Ross v. United States

122 F. Supp. 642 | D. Mass. | 1954

WYZANSKI, District Judge.

This is a suit for refund of amounts claimed to have been paid pursuant to an unjustified deficiency assessment for 1944 income taxes. From the bench, in the presence of the parties, witnesses, and counsel, the Court, in the English style, analyzed the details. This opinion summarizes, supplements, and, where in conflict, supplants that analysis which was intended promptly to indicate to those most interested the Court’s decision.

Harvey M. Ross, being in the armed forces in Europe, gave his father, Frank Ross, a power of attorney and control over his bank account. In March 1944, the father learned of an advantageous investment opportunity in real estate, which required a contribution of $2,666.-*64366 to acquire a one-third interest in the equity. Intending, as his son’s agent, to buy that third of the equity for his son, the father, in May 1944, drew from the son’s account $416.66, and supplied out of his own funds an additional $2,250 which he intended as a non-interest-bearing loan to be repaid exclusively out of the proceeds of the property when sold. The father, on May 15, 1944, took the legal title in his own name, but this was for mere convenience while his son was abroad.
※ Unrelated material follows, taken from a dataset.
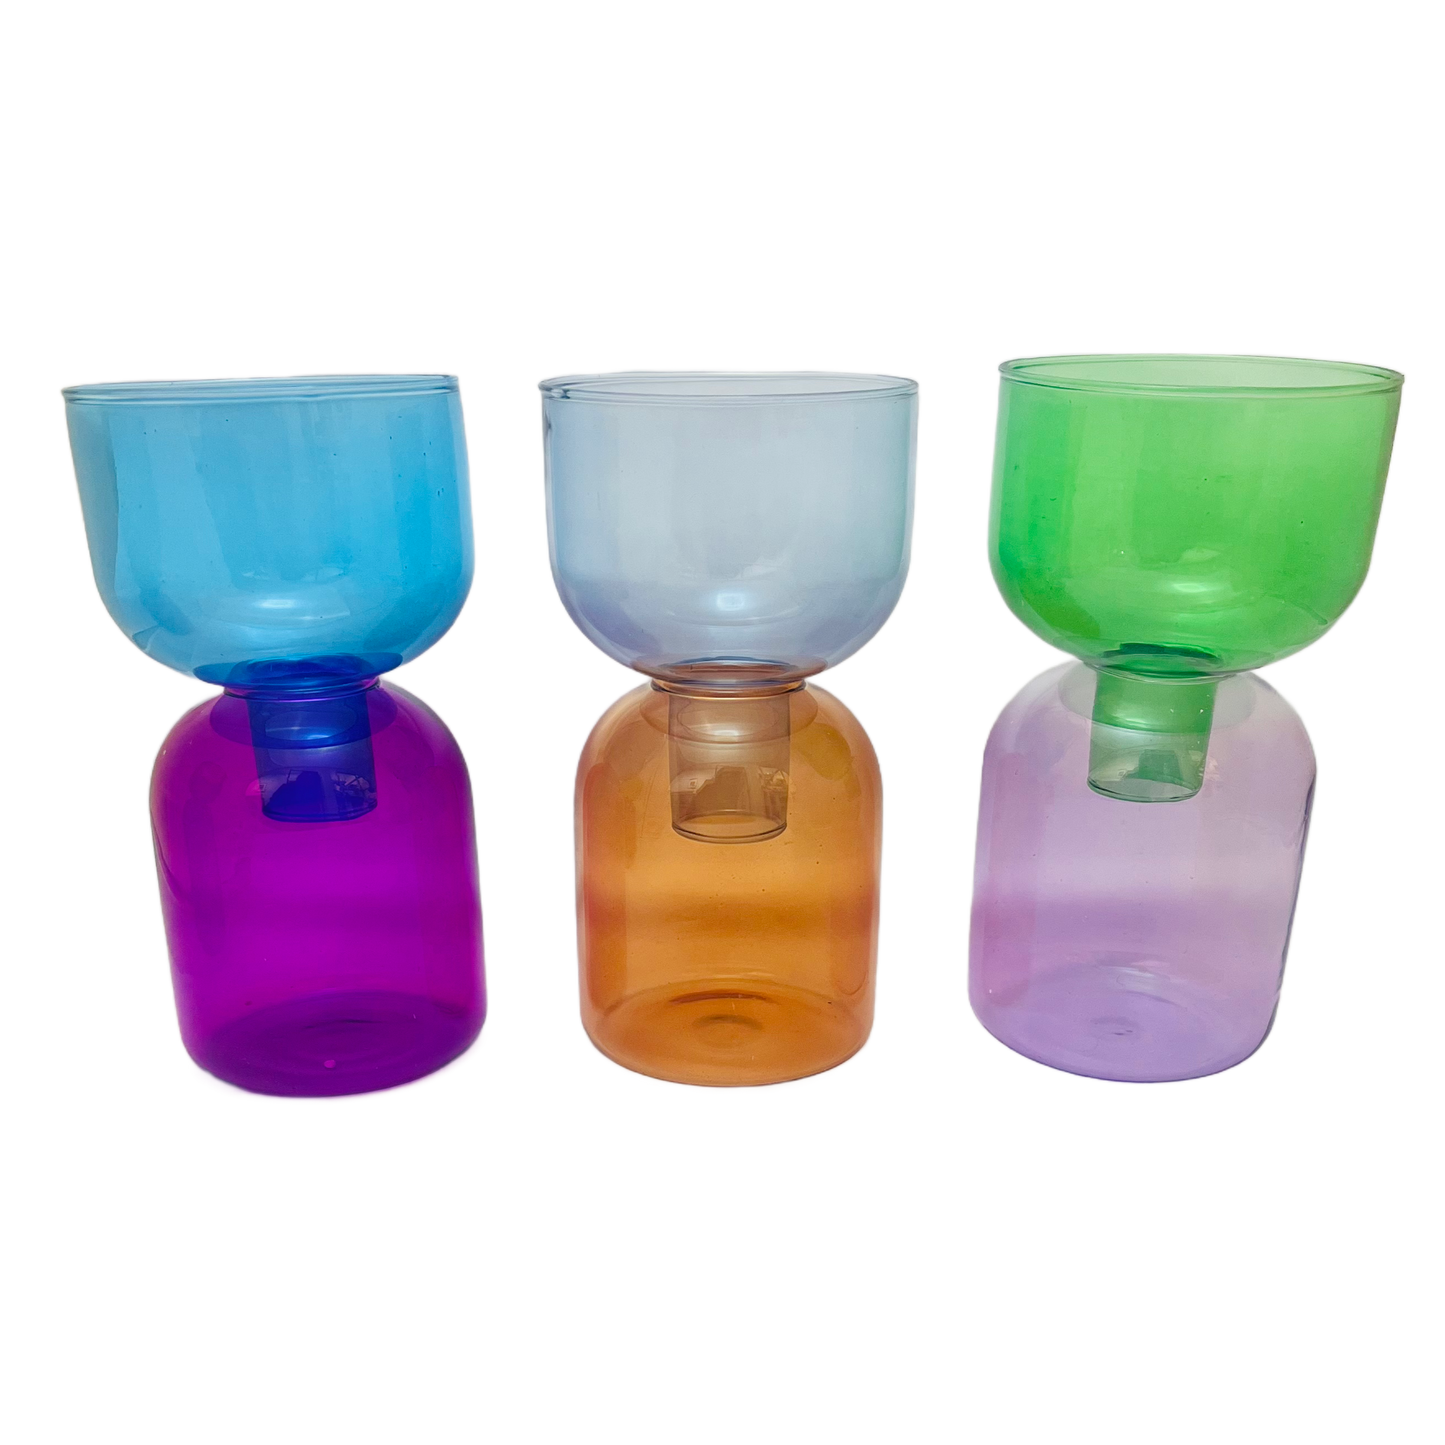 Bellezza Vetro Stacking Multicolored Glass Candle Holder and Vase

The father wrote the son in general terms that the father had bought property in Boston that he wished him to have. Though expressed in terms smacking somewhat of futurity, the father’s letter meant that, subject to equitable charges, the property was already the son’s, and the son had a present interest of $416.66 with possibility of enhancement in value. The whole profit was to be the son’s. This situation was, in general, known on May 15, 1944 to an owner of another third of the equity, who was also the holder of a mortgage on the whole property. The property was sold, August 1, 1944, at a profit. The father recouped his advances, the son’s account retained the balance, the son on his return to the United States in 1945 acquiesced in the father’s accounting, and the son reported the profit on the one-third in his income tax return. The parents did not report the profit in their joint income tax return. The government, claiming the profit was the father’s, assessed the parents a deficiency, though the mother was by then dead. The father, under threat of a deficiency letter, paid. He claimed administratively a refund on the theory he had given the property to his son and held the proceeds as constructive trustee. The Commissioner disallowed the claim. Relying on 26 U.S.C. § 3772, the father personally, and as his wife’s estate administrator, seasonably sued for a refund.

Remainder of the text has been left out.